Exercise does for me what no pill can do. I just have to make myself stay with it. It's great--no bad side effects like medications, sleep better, cope better with stress.


----------



## sadone (Dec 17, 2003)

but how do you work yourself up to doing it??


----------



## Tiss (Aug 22, 2000)

I put on my running clothes, and my favorite hat which sort of gets me in the mood. I'll usually go out and run at some point during the day or early eve and once i get going, I love it and i always feel great once I'm finished. It is hard sometimes though. Just keep at it, one day at a time. If I miss a day or two, just get back at it when I can. I've set a goal to run a 1/2 marathon in Sept so that has given me a goal.


----------



## sadone (Dec 17, 2003)

see, my problem is my discomfort being out and around people--unless i'm with others--but i can't get anyone to come exercise with me


----------



## charmedimsure (Apr 14, 2004)

I go to the gym after work.
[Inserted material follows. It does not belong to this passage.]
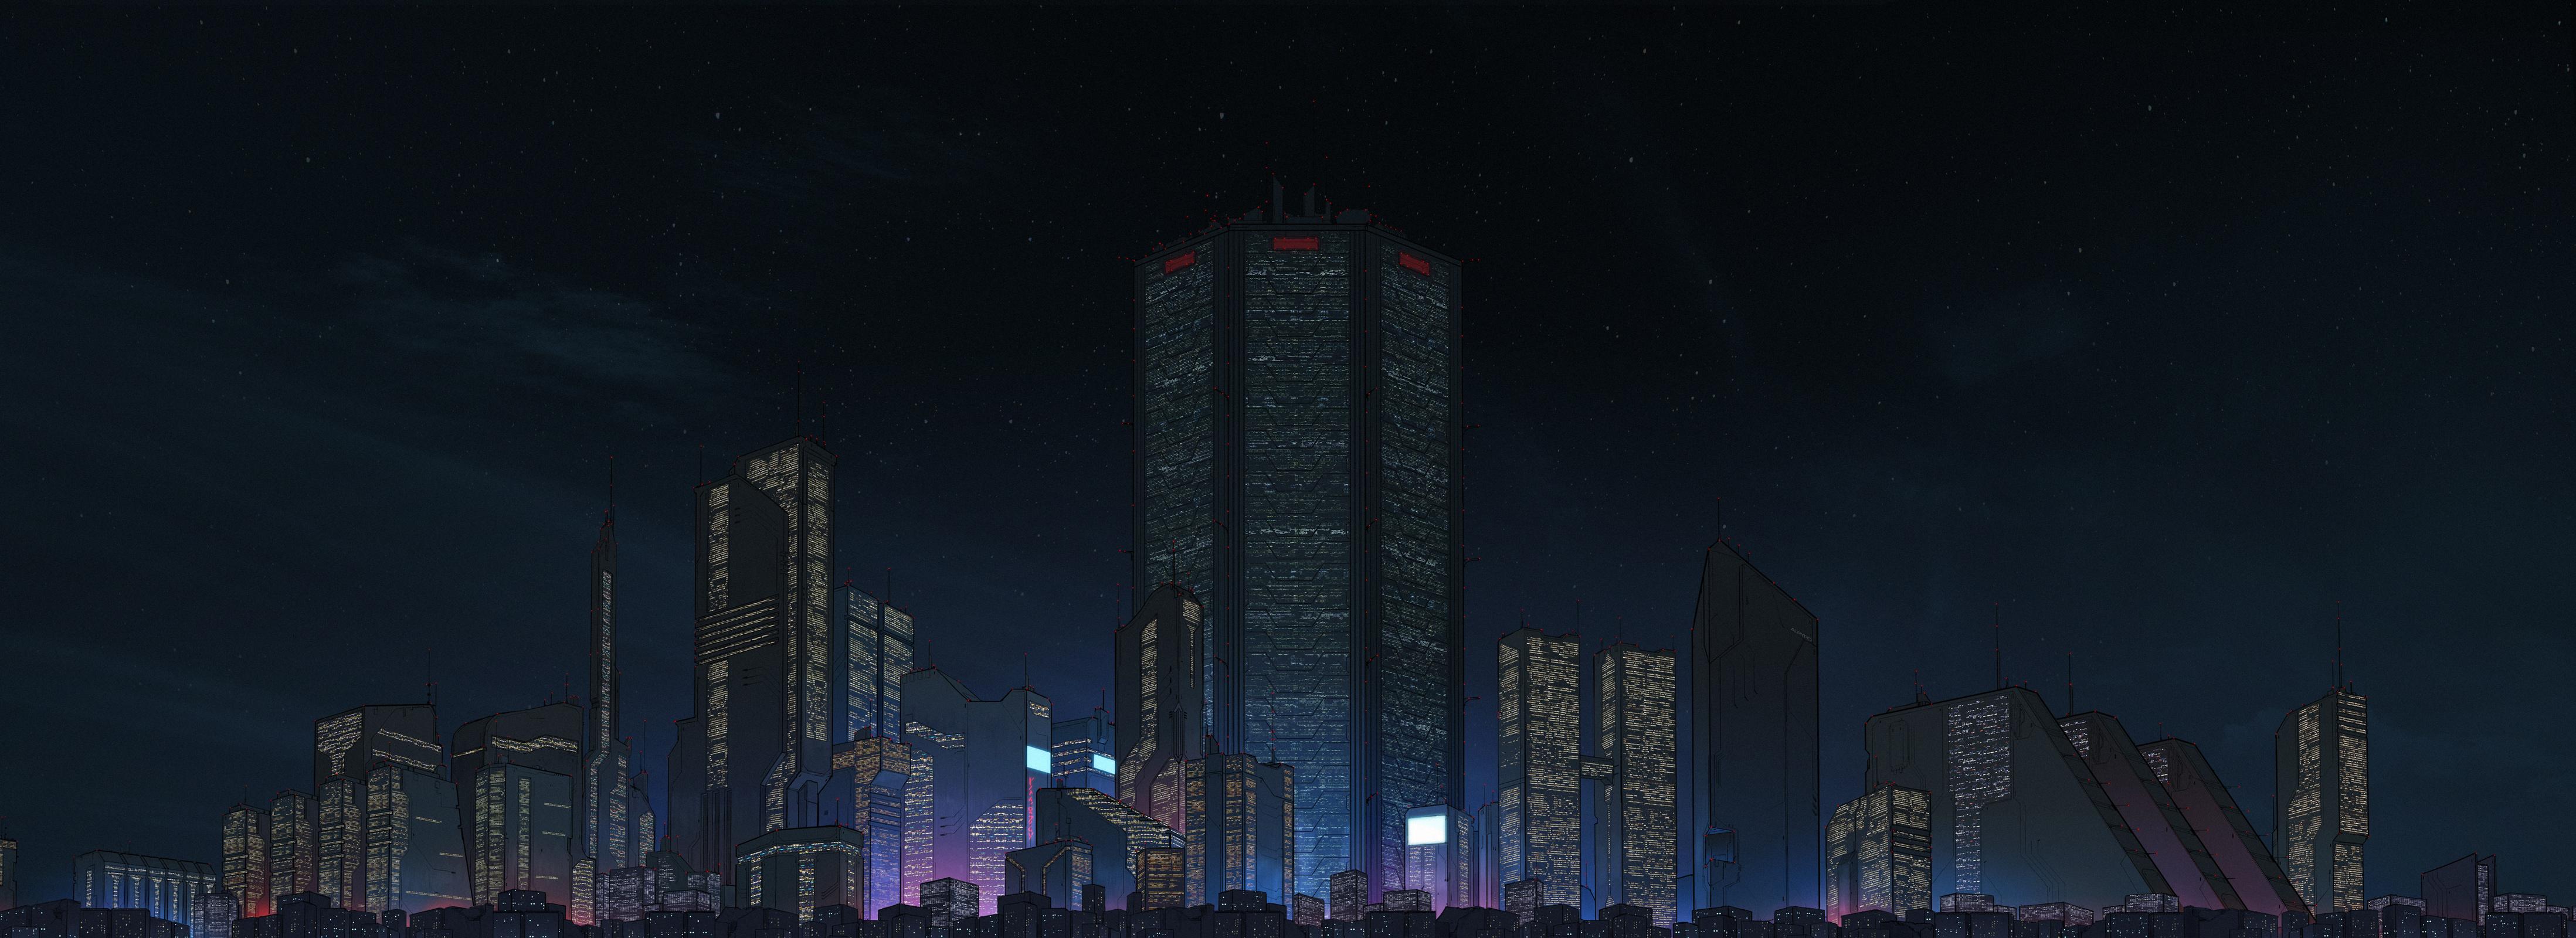 General 4393x1600 cyberpunk city ultrawide 4K

I bring my clothes with me and change at work before leaving. Then I go straight to the gym and make myself work out. I often don't want to but force myself to do it because it is necessary. It is really cool too because the gym that I go to has televisions and you can watch whatever you want. I get though it by watching Star Trek and General Hospital. It keeps me focused. And there are people around which is nice. The exercise is really helpful.


----------



## Tiss (Aug 22, 2000)

I usually run by myself but I prefer that.


----------



## dlt647 (Jul 30, 2003)

Minimum, I understand what you are talking about. I, too, tend to be very shy and disliked going to the gym by myself. Our neighborhood has a fitness center, but if there were too many people there, I would leave. My answer was to buy my own reconditioned EFX machine for our basement. I get up in the morning almost every day to use it. For me, it solved that problem. The problem is that those machines aren't cheap, and it'll probably take some time to pay it off, but for me it has been worth every penny (and my husband is enjoying the better mood and how much better I am looking







).


----------



## Emmab2003 (Apr 22, 2004)

Do you think using a treadmill will help?I dont like walking around the neighborhood by myself, and half the time my hubby refuses to go with me.............Btw, dlt647, if you want a great book on Wheat/gluten free, try looking up Danna Korn. She has emailed me (Celiac runs in my family, though I am not there yet) and she has the most fun, positive outlook on the GF diet!


----------



## dlt647 (Jul 30, 2003)

Emmab2003, I absolutely think a treadmill will help. That is what I started out on. You can change the inclines and speeds to get different workouts. Thanks for the info on wheat/gluten free. I have no idea if celiac runs in my family or even if I have it. All I know is that the gluten/wheat free diet has reduced my IBS symptoms to only a minimum (sometimes slight gas pains and bowels sounds - but no pain, bloating or constipation). I know that I have become allergic to dairy and I am so sensitive to other things. I figured what have I got to lose. It can either help or not help. Luckily it helped.


----------



## Emmab2003 (Apr 22, 2004)

You're welcome.I like that lady's book and atitude because she makes wheat free fun.And lots of folks apparently have trouble with wheat and gluten, Celiac or not.Best wishes.


----------



## sadone (Dec 17, 2003)

i'm wondering how much a punching bag would cost...any idea?


----------



## Tiss (Aug 22, 2000)

My YMCA gives a class on bag punching and I'm thinking about taking it. The teacher said people need to be properly trained on how to punch because you can get rotator cuff and shoulder and elbow problems.


----------



## Tiss (Aug 22, 2000)

Oh, I have no idea how much a bag would cost.


----------



## Charbeaner (Jun 2, 2003)

I use a treadmill every morning before work 5 days a week. I am on it by 6:00 a.m. and go 30 minutes. I either watch the news or a movie to pass the time and I really feel it helps. I sleep and feel alot better. I do know, tho, if I don't do it first thing in the a.m. I won't do it. I am always to tired after work or going somewhere. It was not easy to get into the habit, but it pays off. My dad is 87 and still does the treadmill nearly every day. He drives all over and is completely self-sufficient. My parents really benefited by exercise and I feel it really helps this IBS problem. It was awful getting started, but now I would never stop.


----------



## editor (Jun 20, 2004)

There definitely is a link between exercise and stress/anxiety: do some form of physical activity and it will make you feel better - even if it's vigorous gardening or housecleaning.I'd love to start walking again, perhaps even take up running, but I have a question: how do you manage to go walking / running with IBS-D?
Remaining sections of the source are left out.